Neoadjuvant Chemotherapy + Herceptin in HER2 Positive Stage II-III Breast Cancer Patients

Pilot Trial of Sequential Dose-Dense Neoadjuvant Chemotherapy Plus Herceptin in HER2 Positive Stage II-III Breast Cancer Patients

The purpose of this study is to evaluate the effectiveness and tolerability of the combination of the following medications given every two weeks in HER2 positive breast cancer patients:

• trastuzumab (Herceptin)
• epirubicin (Ellence)
• cyclophosphamide (Cytoxan)
• docetaxel (Taxotere)

Study Overview

• Status: Completed
• Conditions: Breast Neoplasm
• Intervention / Treatment: Drug: epirubicin; Drug: cyclophosphamide; Drug: docetaxel; Drug: trastuzumab

Detailed Description

This is an investigator-initiated, Phase II, non-randomized, single-arm, prospective treatment study. The study will consist of neoadjuvant treatment period (weeks 1 to 20), surgical evaluation period (weeks 20 to 24), and a post-surgical/follow-up period (approximately 3 years). Subjects will be treated on an outpatient basis.

Neoadjuvant therapy will consist of epirubicin + cyclophosphamide given every 2 weeks for four cycles followed by a three week break.
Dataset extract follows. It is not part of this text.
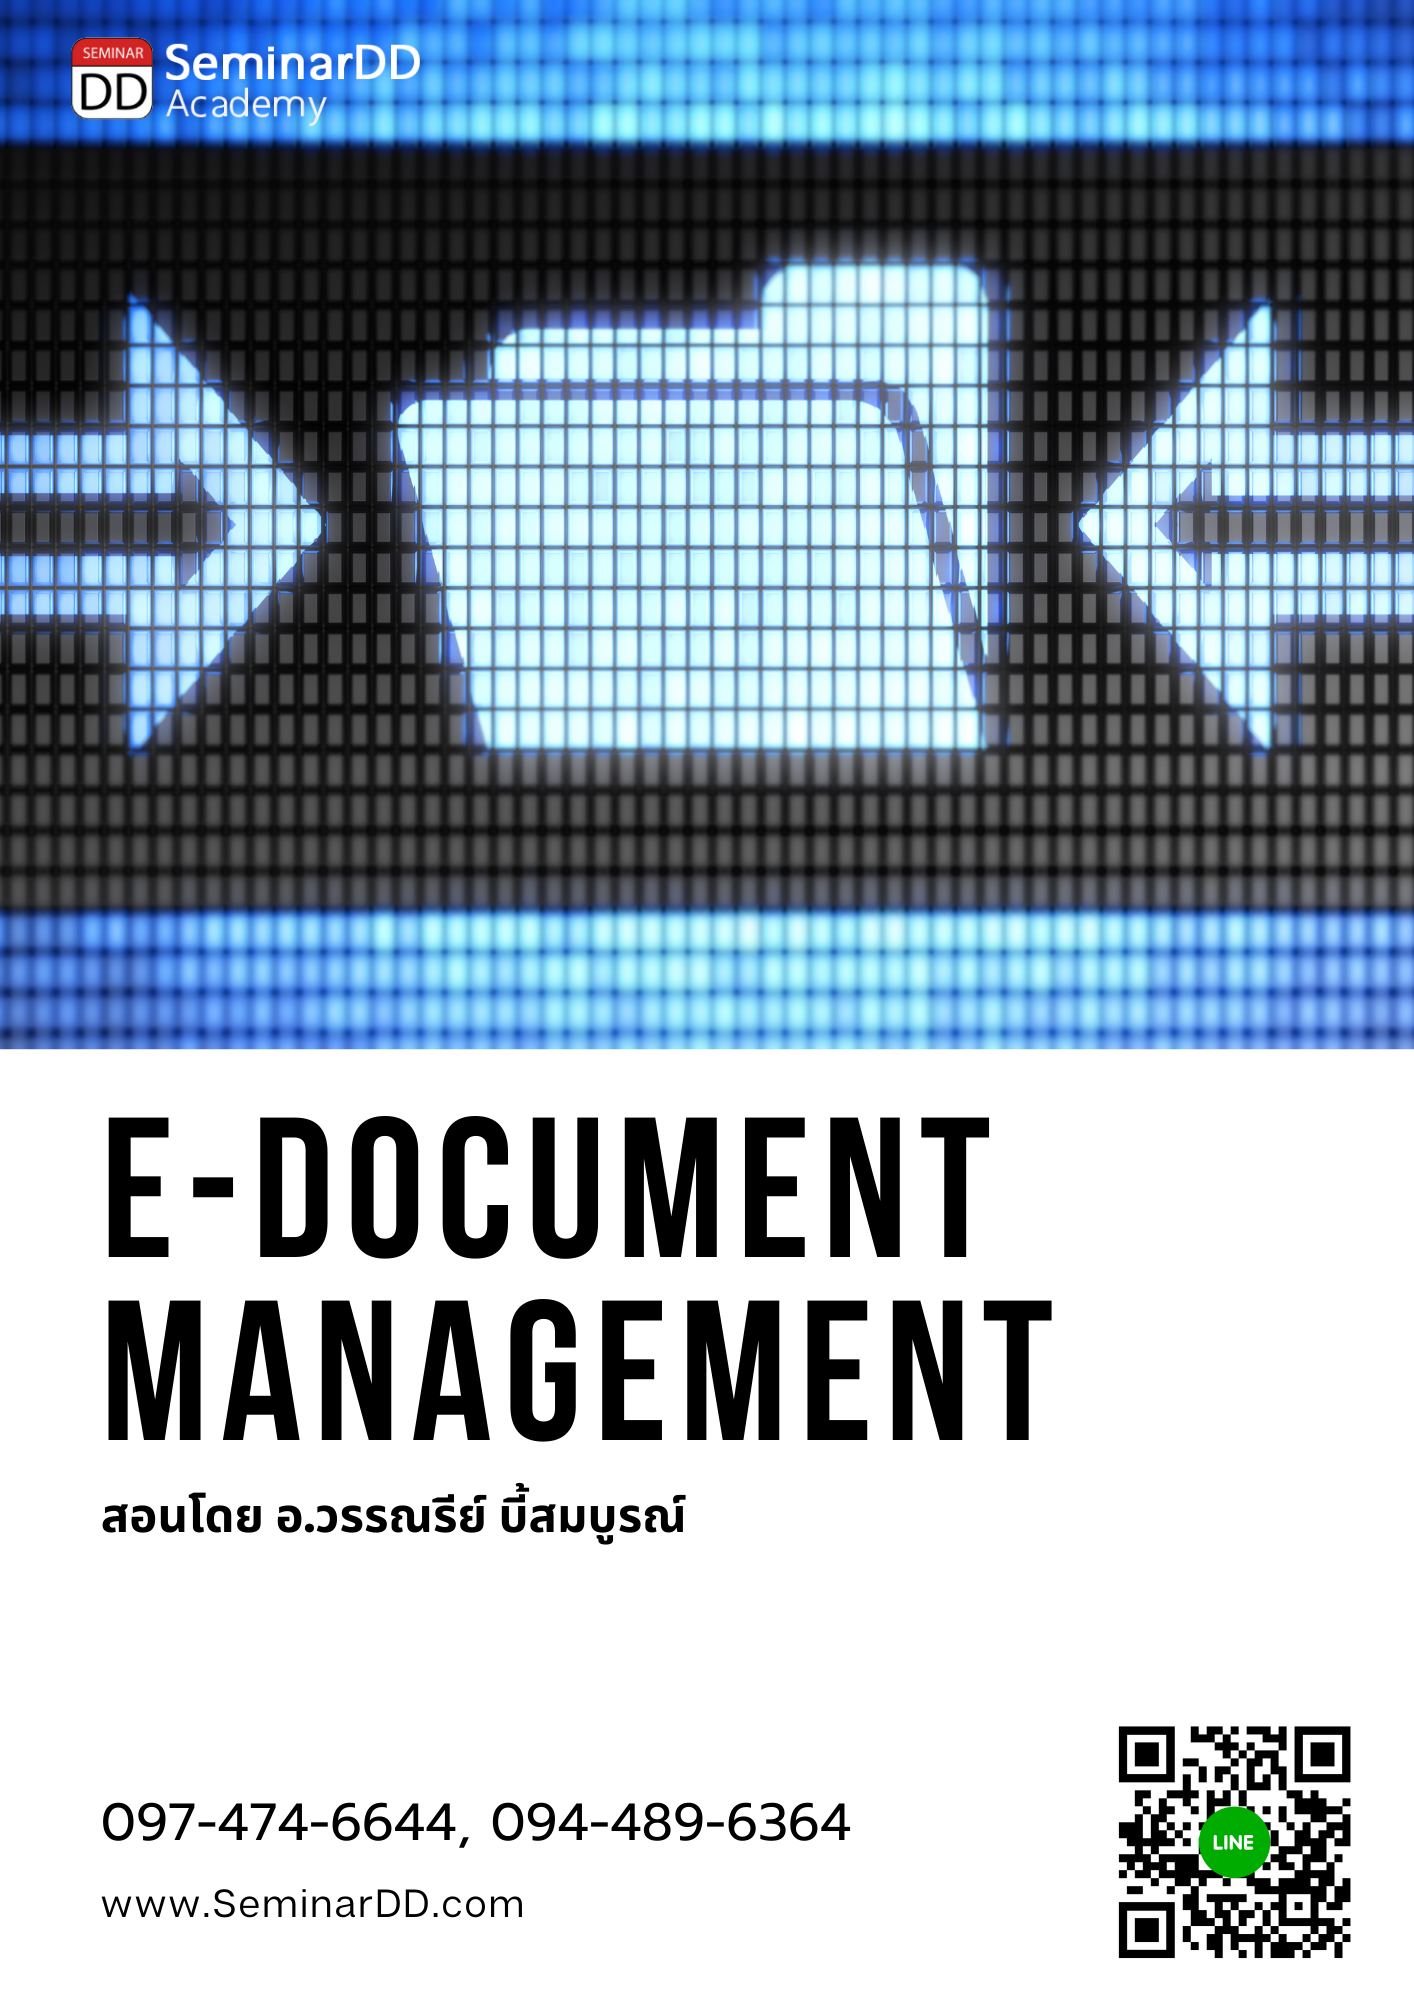 อบรมออนไลน์ผ่าน Zoom หลักสูตร หลักสูตร การบริหารและจัดเก็บเอกสาร ในรูปแบบดิจิทัล ตามมาตรฐานสากล (E-Document Management)

Subjects will then receive docetaxel every two weeks for four cycles + trastuzumab (one loading dose) then maintenance dose every 2 weeks for 4 treatments.
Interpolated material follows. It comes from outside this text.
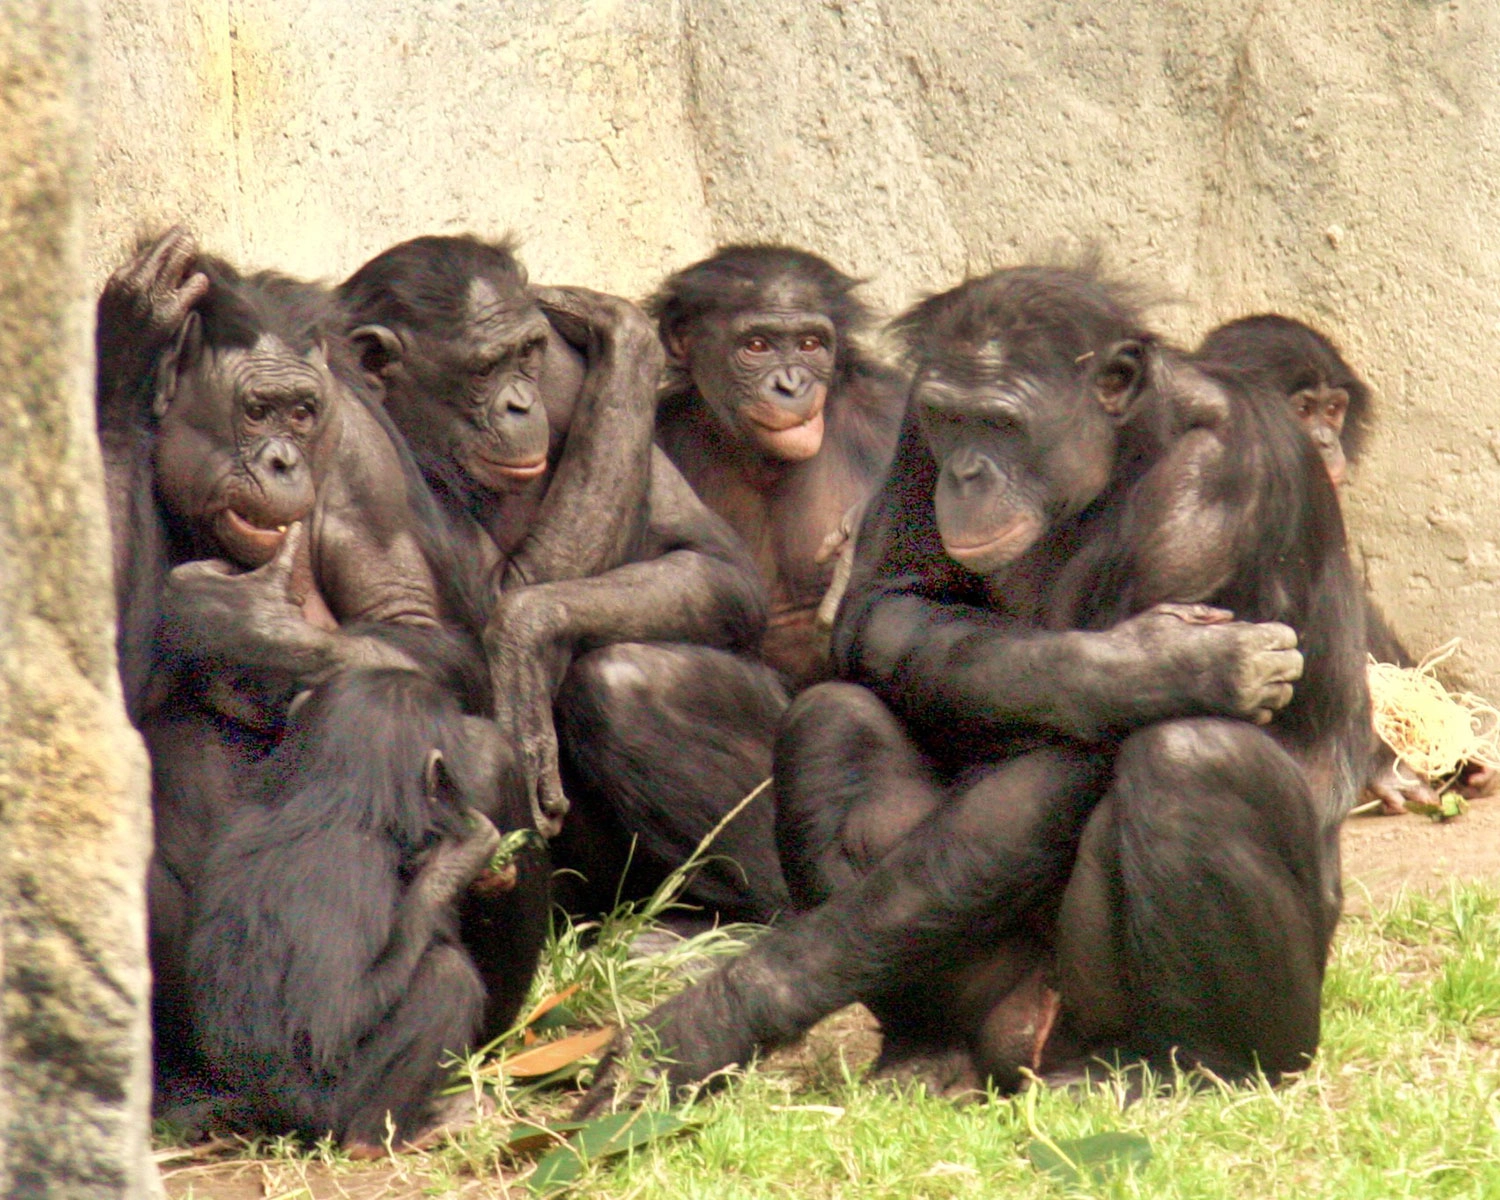 A group of bonobo monkeys.

• Study Type: Interventional
• Enrollment (Actual): 30
• Phase: Phase 2

Contacts and Locations

Study Locations

• United States
  • Florida
    • Miami, Florida, United States, 33176
      • Advanced Medical Specialties
  • Georgia
    • Augusta, Georgia, United States, 30901
      • Augusta Oncology Associates
    • Macon, Georgia, United States, 31201
      • Cental Georgia Cancer Care
    • Marietta, Georgia, United States, 30060
      • Northwest Georgia Oncology Centers, PC
  • Montana
    • Billings, Montana, United States, 59101
      • Hematology Oncology Centers of the Northern Rockies, PC
  • New York
    • Great Neck, New York, United States, 11021
      • Arena Oncology Associates
  • Tennessee
    • Memphis, Tennessee, United States, 38120
      • The West Clinic

Participation Criteria

Eligibility Criteria

• Ages Eligible for Study: 18 years and older (Adult, Older Adult)
• Accepts Healthy Volunteers: No
• Genders Eligible for Study: Female

Description

Inclusion Criteria:

• Non-pregnant females =/> 18 years of age
• Non-inflammatory breast cancer stage IIA - IIIC or high risk node negative
• Core biopsy of breast demonstrating invasive cancer and documented ER/PgR receptor status
• Normal cardiac function and adequate hematologic function
• Human epidermal growth factor receptor 2 protein (HER2) positive
• No evidence of metastatic disease
• ECOG Performance Status 0 - 1
• Women of childbearing potential must agree to using effective contraception while on treatment and for at least 3 months post-treatment

Exclusion Criteria:

• Treated with other investigational drugs within 30 days
• Uncontrolled intercurrent disease or active infection
• Known sensitivity to e. coli-derived proteins or polysorbate 80
• Psychiatric illness or social situation that would limit study compliance
• Pre-existing peripheral neuropathy > Grade 1
• Cancer within 5 years of screening with the exception of surgically cured nonmelanomatous skin cancer; in-situ carcinoma of the cervix; or in-situ carcinoma of the breast
• Bilateral synchronous breast cancer
• Inflammatory breast cancer
• Women who are pregnant or breast feeding

Study Plan

How is the study designed?

Design Details

• Primary Purpose: Treatment
• Allocation: Non-Randomized
• Interventional Model: Single Group Assignment
• Masking: None (Open Label)

Number of Arms

1

Arms and Interventions

Participant Group / Arm

Intervention / Treatment

Experimental: Neoadjuvant therapy; Neoadjuvant therapy will consist of epirubicin (100 mg/m^2) + cyclophosphamide (600 mg/m^2) every 2 weeks for 4 cycles; followed by a 3-week break; followed by docetaxel (75 mg/m^2) every 2 weeks for 4 cycles + trastuzumab (6 mg/kg [loading dose] once then 4 mg/kg [maintenance dose]) every 2 weeks for 4 treatments.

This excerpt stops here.